James Ewan Kalven, born 1948 in Chicago, grew up in the city's Kenwood neighborhood and is a lifelong resident of its South Side. He was the oldest of four children, growing up in a secular Jewish family. His father was Harry Kalven Jr., an alumnus of and law professor at the University of Chicago Law School, and his mother was Betty Kalven (died 2011). Jamie attended high school at the University of Chicago Laboratory Schools, graduating in 1965. Afterwards, he graduated from Wesleyan University in 1969. Jamie once traveled from Paris to New Delhi by motorcycle. He was an avid mountaineer, having climbed mountains in the Western U.S., Yukon, Europe, and the Himalayas. During the Indo-Pakistani War of 1971, he interrupted his trip to the Himalayas to visit Bangladesh, which led him to give up mountaineering to become a journalist. By his mid-20s, Kalven intended to pursue a career as a foreign correspondent focused on Asia.

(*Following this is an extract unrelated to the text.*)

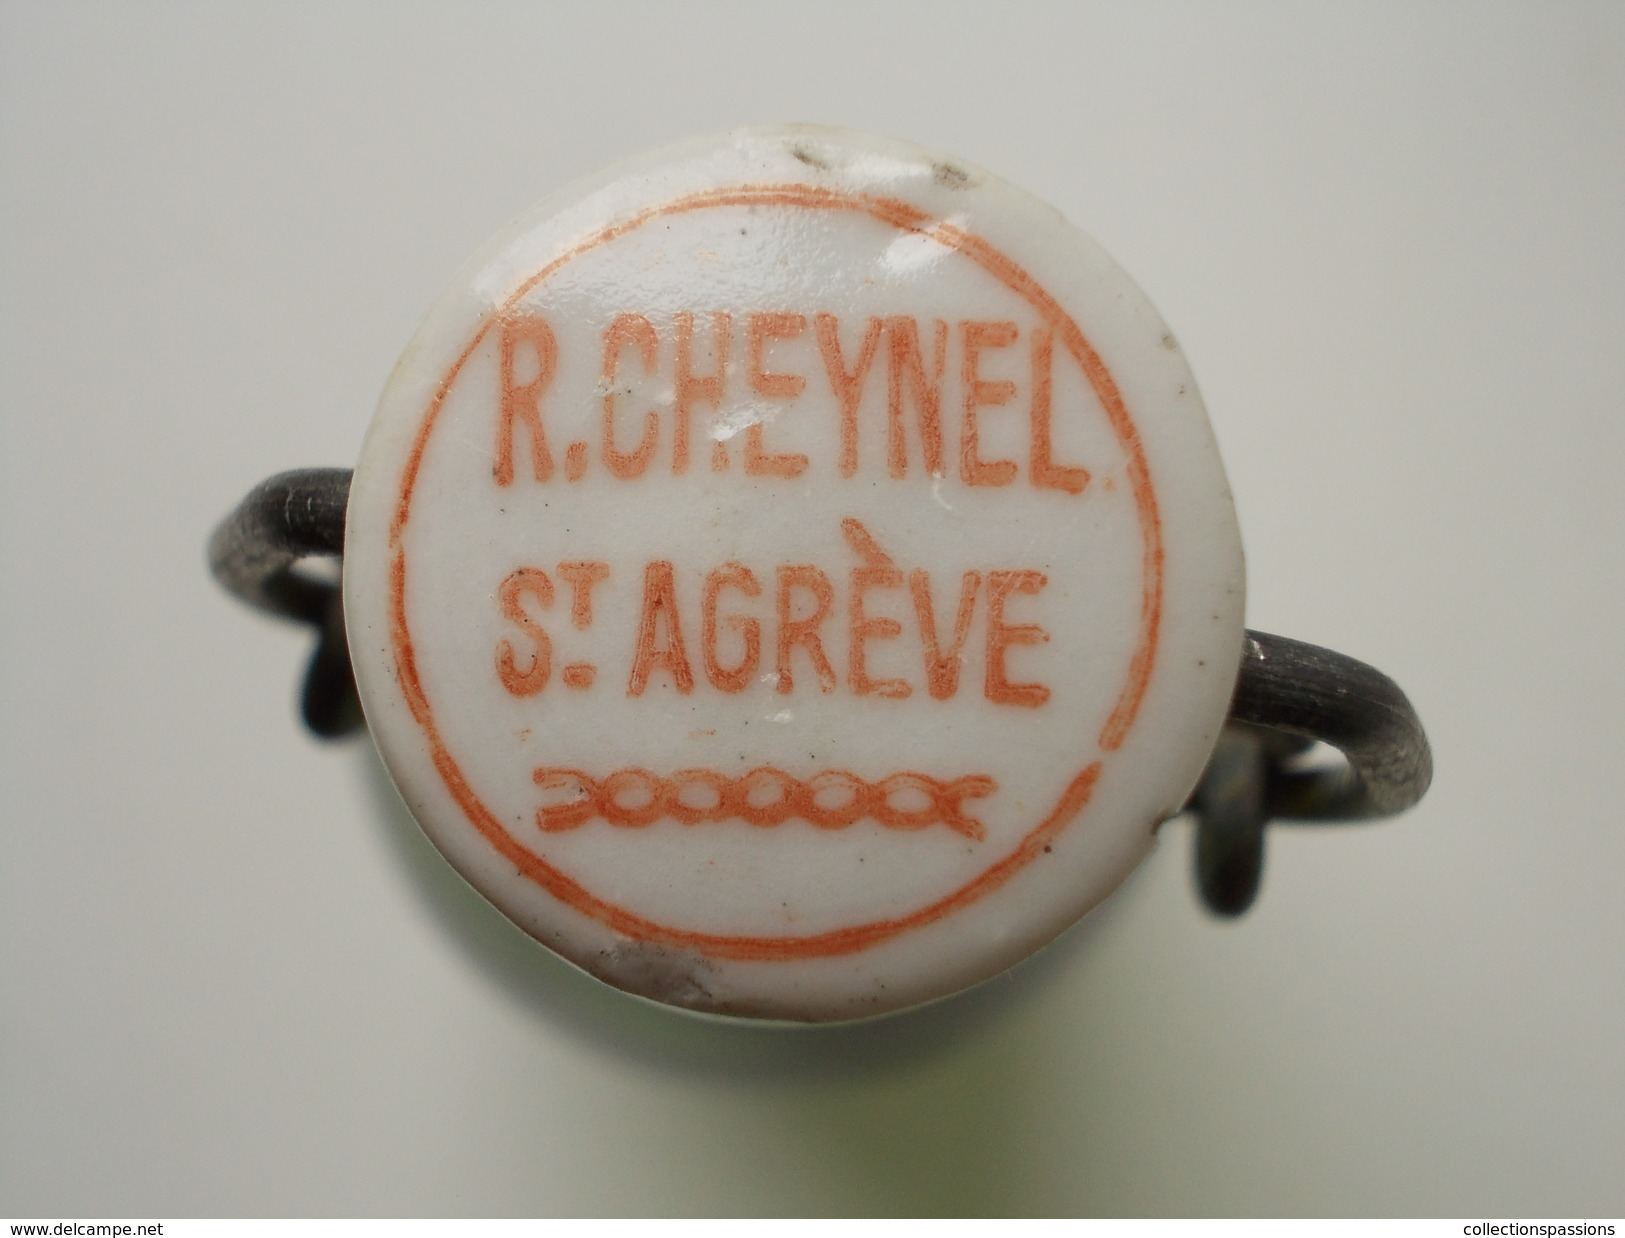 - RARE - Ancienne Bouteille. Limonade R. CHEYNEL - St Agrève - - Autres Collections

His father, Harry, died in 1974 at the age of 60, leaving behind an unfinished manuscript on legal theories underlying freedom of speech. At the time, Jamie was living in San Francisco with his future wife, photographer Patricia Evans, whom he married in 1977. Upon his father's death, Kalven paused his freelance writing career and spent the following 14 years working on the manuscript, which was eventually completed and published by Harper & Row in 1988 as A Worthy Tradition: Freedom of Speech in America. He had reviewed annotations on the drafts and consulted notes from Harry's former students. The young journalist also occasionally traveled to New Haven, Connecticut, to discuss the book with Owen M. Fiss, a professor at Yale Law School and Harry's former colleague at the University of Chicago. During this project, Kalven supported his family – Evans and their two children – through freelance writing and work as a handyman and house painter. The book was also supported by foundation grants, the first coming from the Playboy Foundation. Benno C. Schmidt Jr., president of Yale University, described the younger Kalven's work as "an extraordinary act of intellectual and filial devotion".

In 1988, Kalven was teaching creative writing at Northwestern University, and planned to write a book about civil liberties. He also intended to resume freelance writing.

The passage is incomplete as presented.